The DI fuel pump 10 is an electromotive pump disposed in the subtank 7 that is accommodated in the first tank 2. The DI fuel pump 10 pressurizes the fuel in the subtank 7 to 500 kPa, for example, and directly supplies the pressurized fuel to the combustion chamber 6 of the engine 4 via a direct injection supply pipe 15 (i.e., hereafter designated as a "DI supply pipe 15") leading to a direct injection supply port 51 (i.e., hereafter designated as a "DI supply port 51") that is disposed on the first flange 50. In the fuel pump module 1 in one embodiment, it is configured that an amount of the fuel supplied from the DI fuel pump 10 to the engine 4 is greater than an amount of the fuel supplied from the PI fuel pump 20 to the engine 4. The DI fuel pump 10 comprises the suction part 12, a pump part 14, a motor part 16, a discharge part 18, and the like. The DI supply port 51 is equivalent to a "second supply port" in the claims.

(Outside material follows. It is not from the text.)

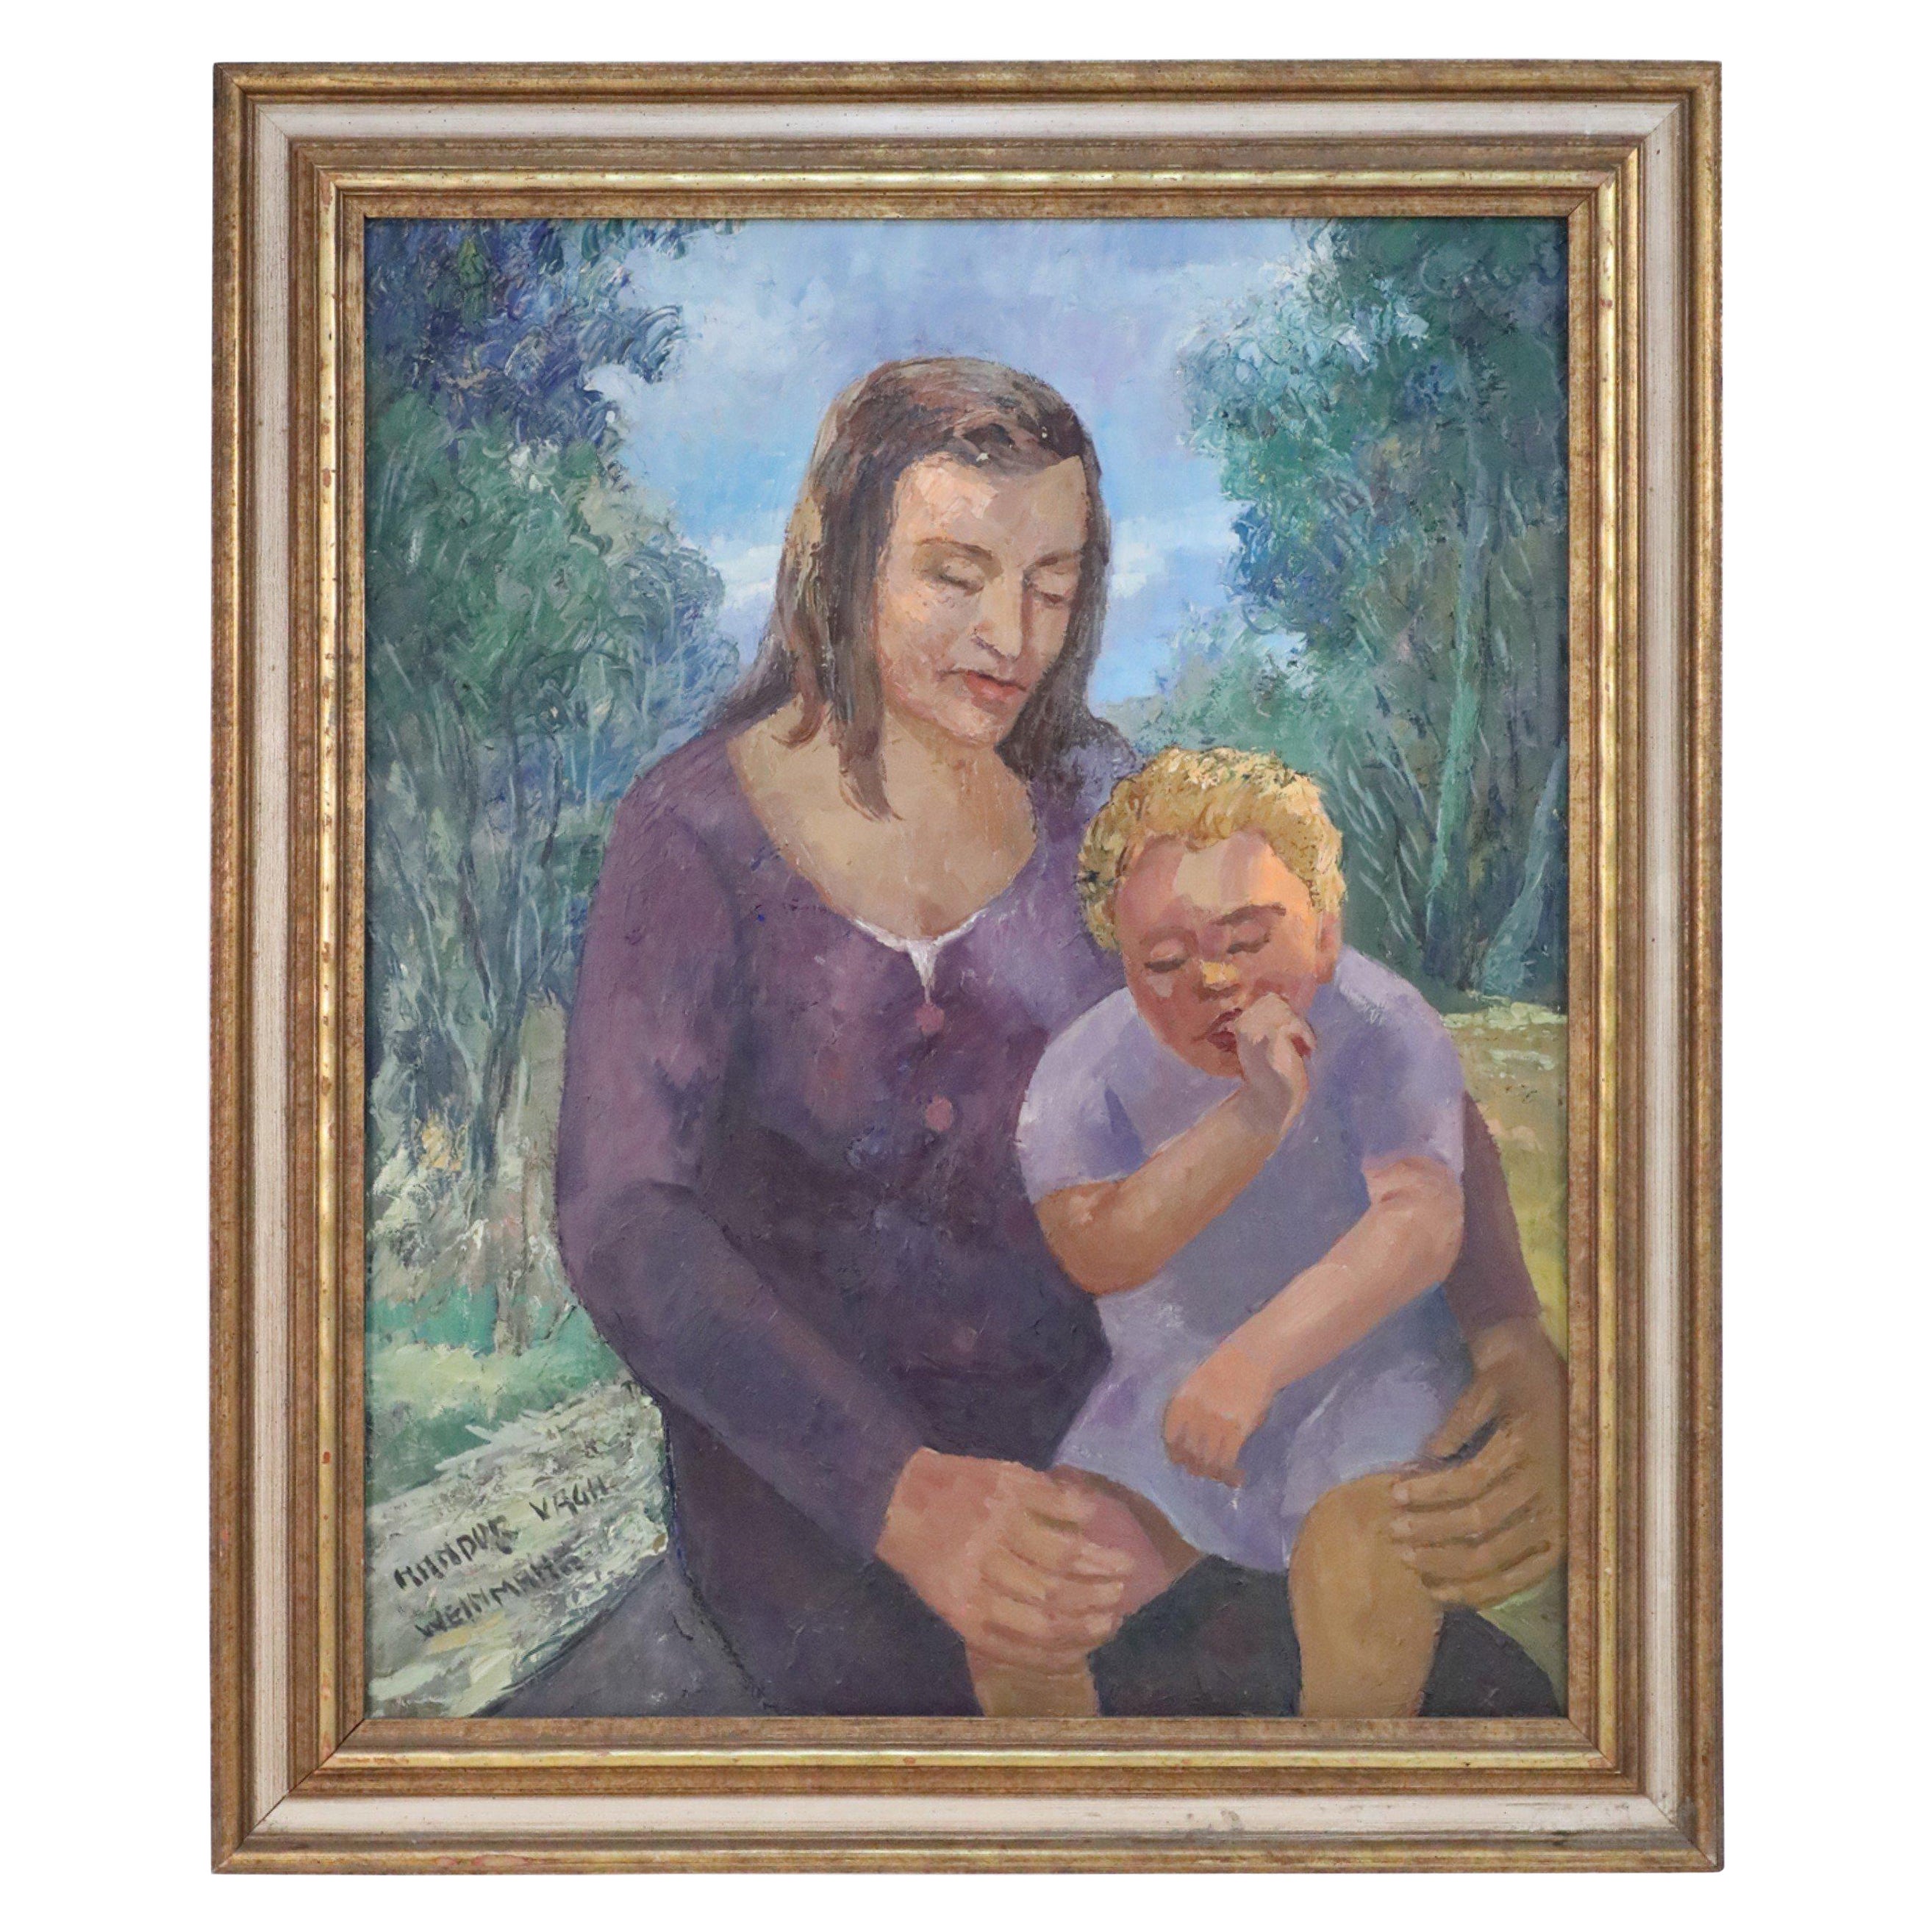 Framed Woman with Child Portrait Oil Painting

The suction part 12 is disposed on a filter side (i.e. closer to the DI suction filter 13) of the DI fuel pump 10, and is connected to the pump part 14 of the DI fuel pump 10. The suction part 12 has the suction port 121. The suction port 121 allows communication between an inside of the DI suction filter 13 and an inside of the pump part 14. The suction port 121 is disposed at an away-from-axis position (i.e., a position that is different from a position of an axis of the DI fuel pump 10) and sends the fuel in the subtank 7 via the DI suction filter 13 to the pump part 14.

The pump part 14 comprises an impeller which is not illustrated, a pump case 141 which forms a pump room, in which the impeller is rotatably accommodated, together with other parts. The pump room allows communication between the suction port 121 of the suction part 12 and a discharge port 181 of the discharge part 18. On one side of the pump case 141 close to the DI suction filter 13, a vapor vent port 142 is formed for venting an evaporated fuel in the pump part 14 to an inside of the sub tank 7 (see FIG. 5).

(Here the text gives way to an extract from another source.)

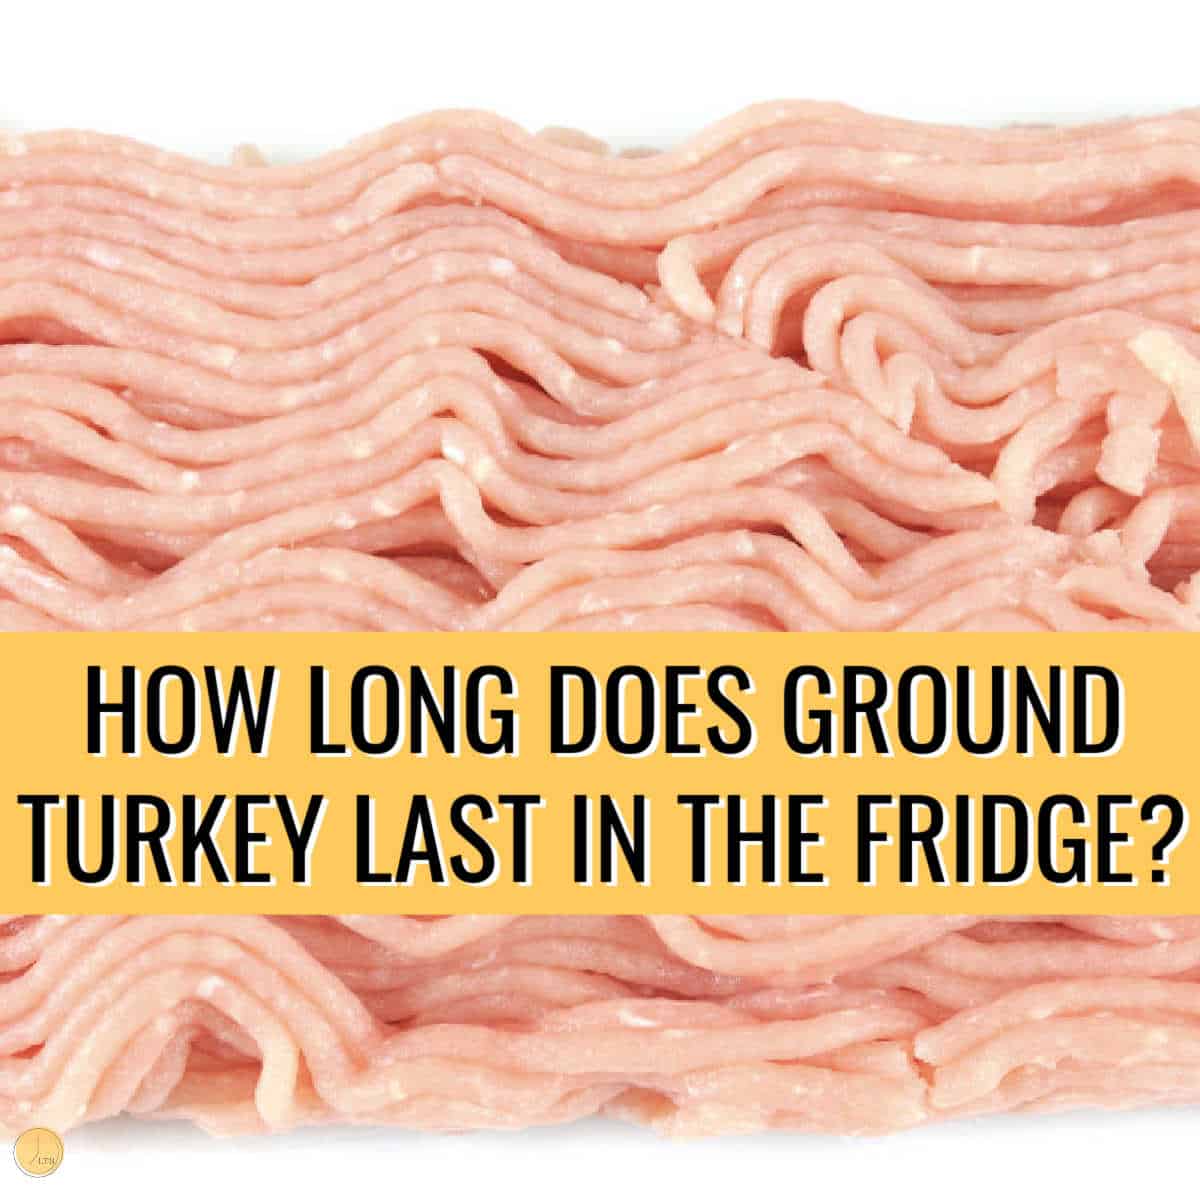 How Long does Ground Turkey last in the Fridge?

The motor part 16 is a brushless motor which comprises a stator, a rotor, a shaft, and the like, all of which are not illustrated. When an electric power is supplied to a not-illustrated winding which is wound on a cylindrical stator via a wire harness 161 (see FIG. 2) and a power supply terminal 162, a rotor positioned in an inside of the stator rotates together with the shaft. A rotation torque of the shaft is transmitted to the impeller of the pump part 14. In such manner, the impeller of the pump part 14 rotates, the fuel in the pump room is pressurized, and the pressurized fuel is sent to the discharge part 18.

The discharge part 18 is disposed on an opposite side of the suction part 12 relative to the pump part 14 and the motor part 16. The discharge part 18 has the discharge port 181 which allows communication between an inside of the pump part 14 and an inside of the pump case 11. The fuel pressurized by the pump part 14 is sent to a fuel passage 111 that is formed in an inside of the pump case 11 via the discharge port 181.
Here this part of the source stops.